• **Recorded data**

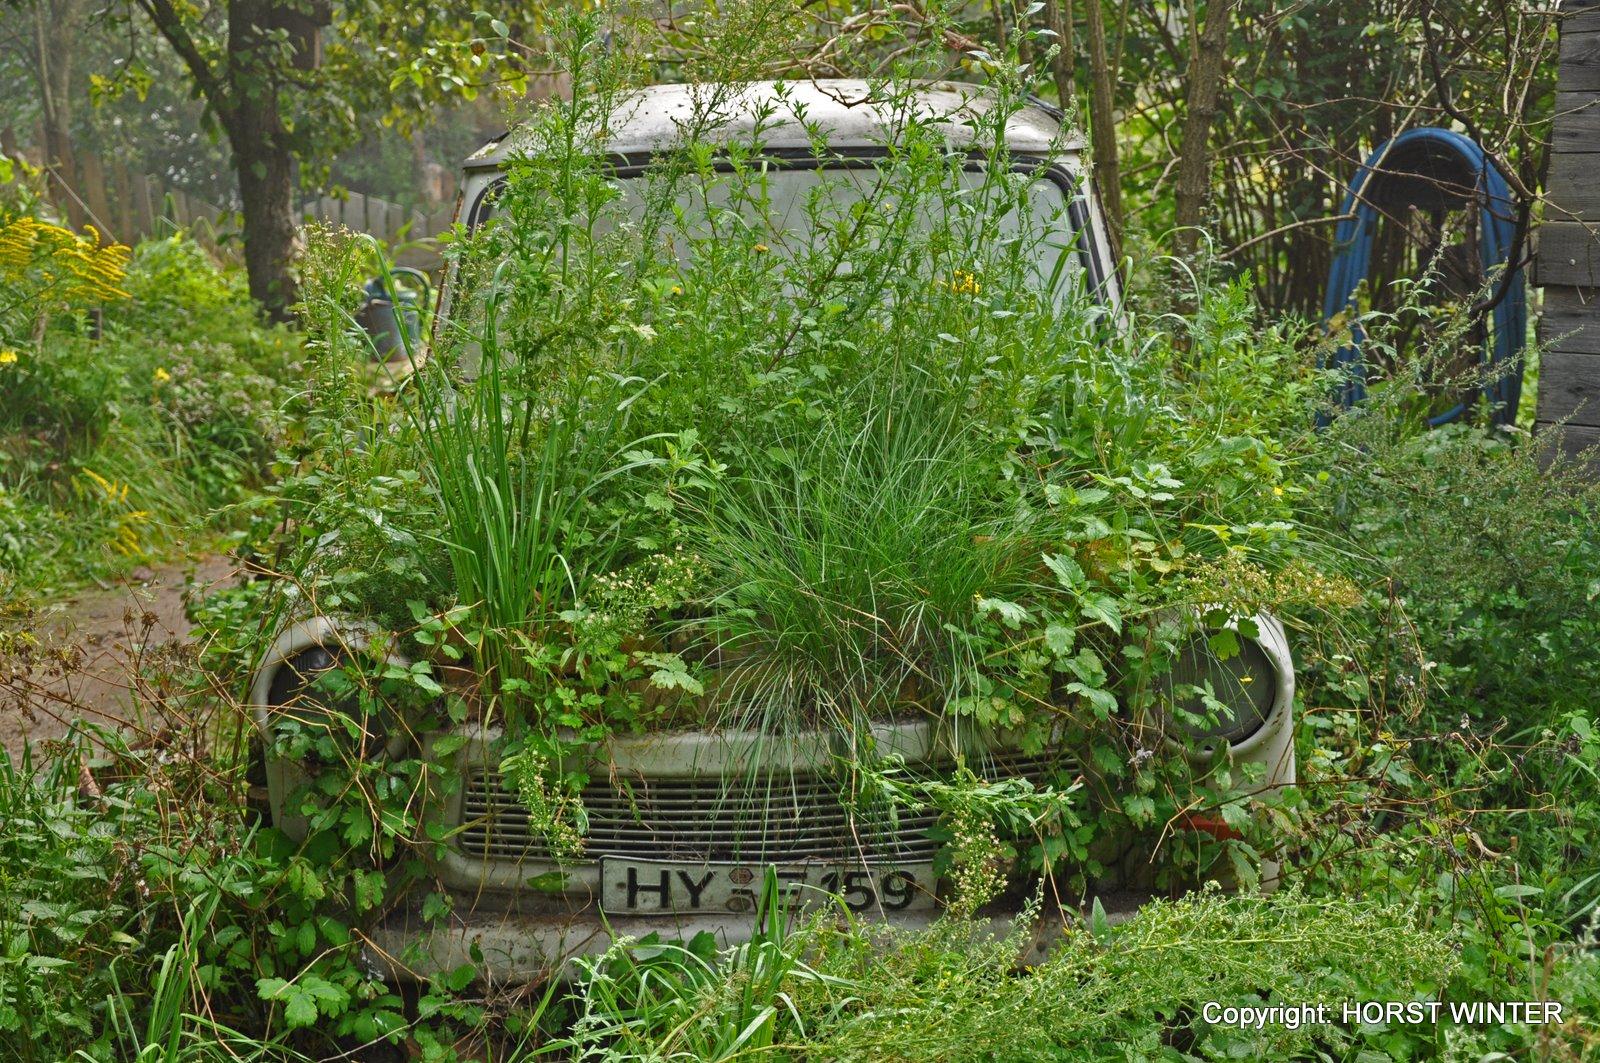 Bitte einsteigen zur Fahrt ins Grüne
--
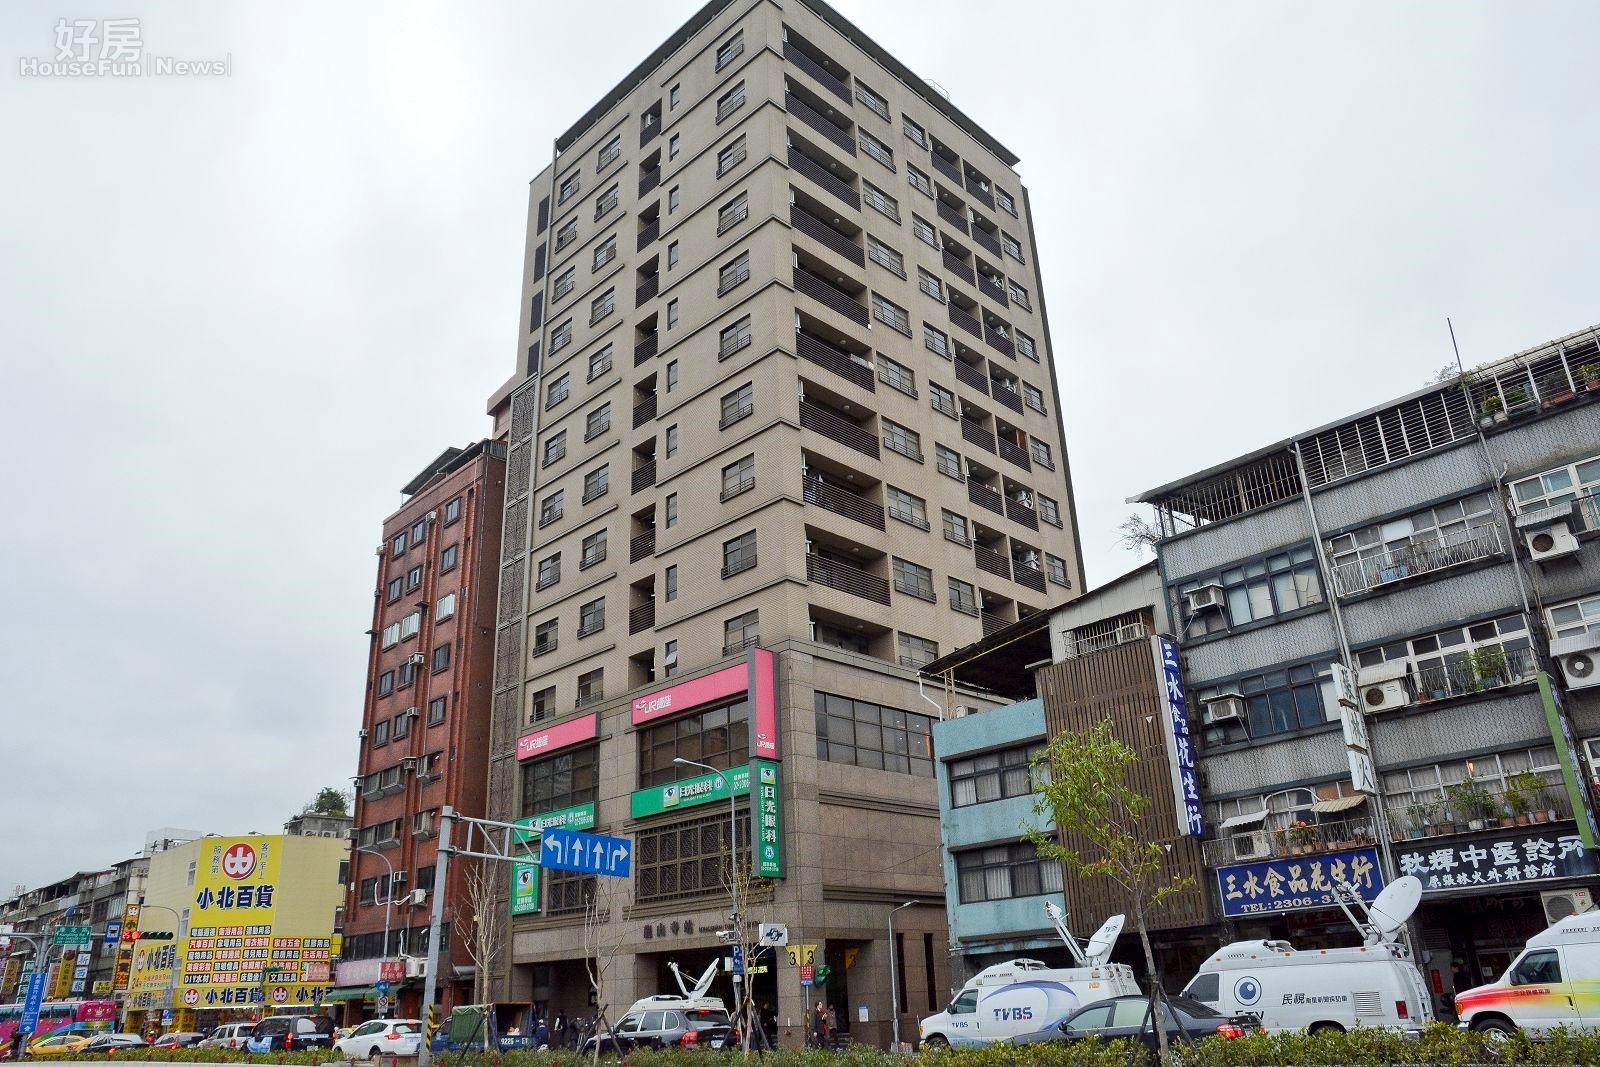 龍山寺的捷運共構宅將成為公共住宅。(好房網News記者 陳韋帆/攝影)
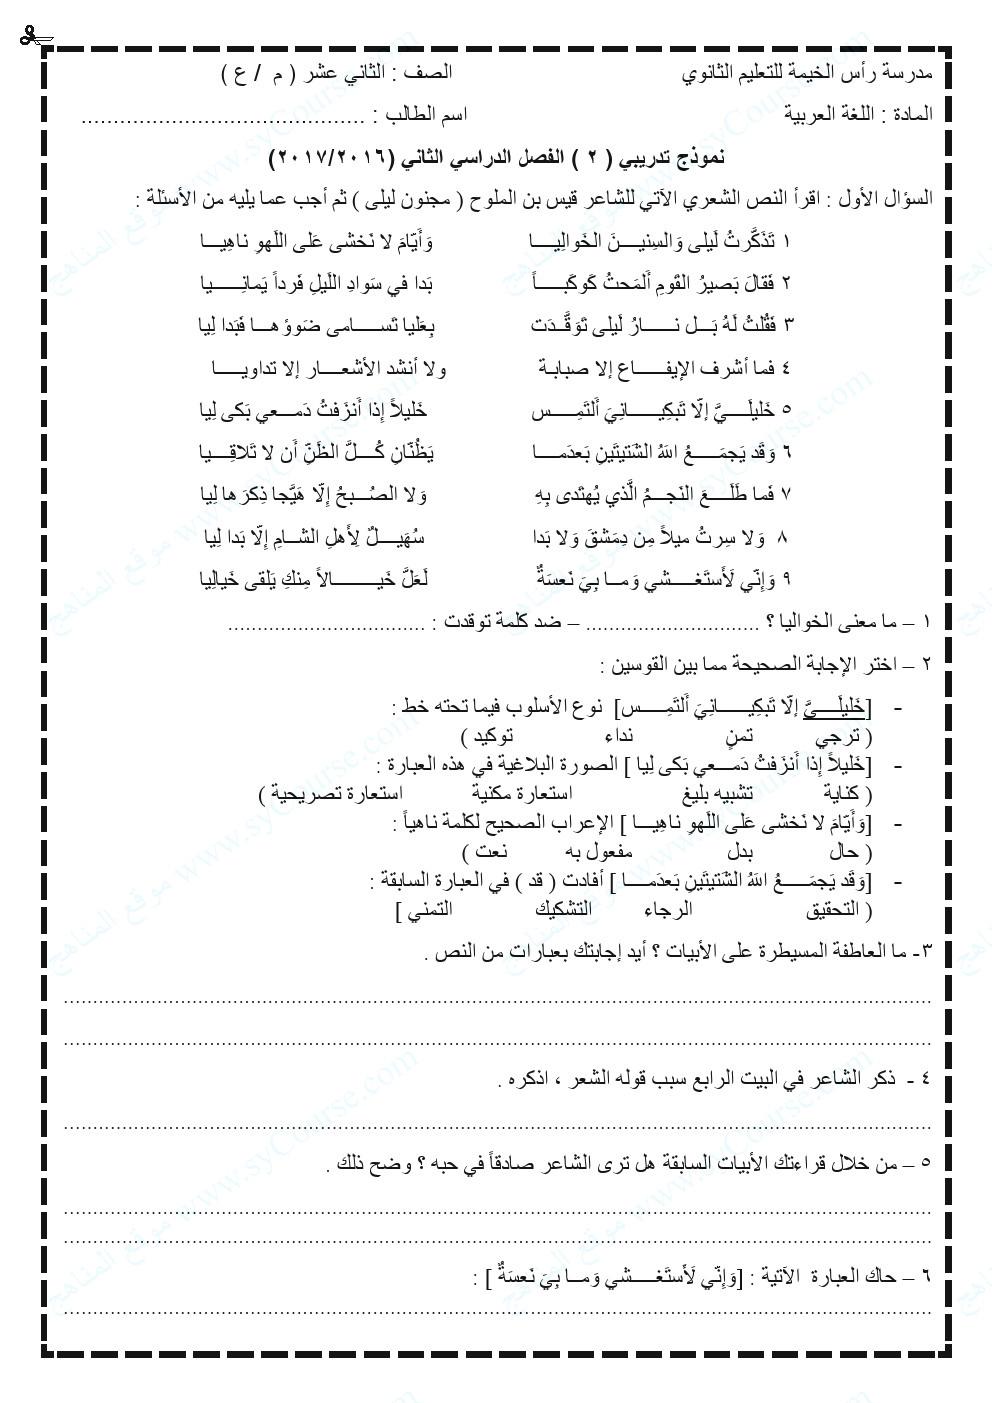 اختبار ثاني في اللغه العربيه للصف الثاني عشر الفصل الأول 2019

• **Work instruction**
Would you please reproduce the entries above, starting at the line with "龍山寺的捷運共構宅將成為公共住宅。(好房網News記者 陳韋帆/攝影)" and stopping after the line with "اختبار ثاني في"? Omit any pictures.

• **Result for this exercise**
 龍山寺的捷運共構宅將成為公共住宅。(好房網News記者 陳韋帆/攝影)
 اختبار ثاني في اللغه العربيه للصف الثاني عشر الفصل الأول 2019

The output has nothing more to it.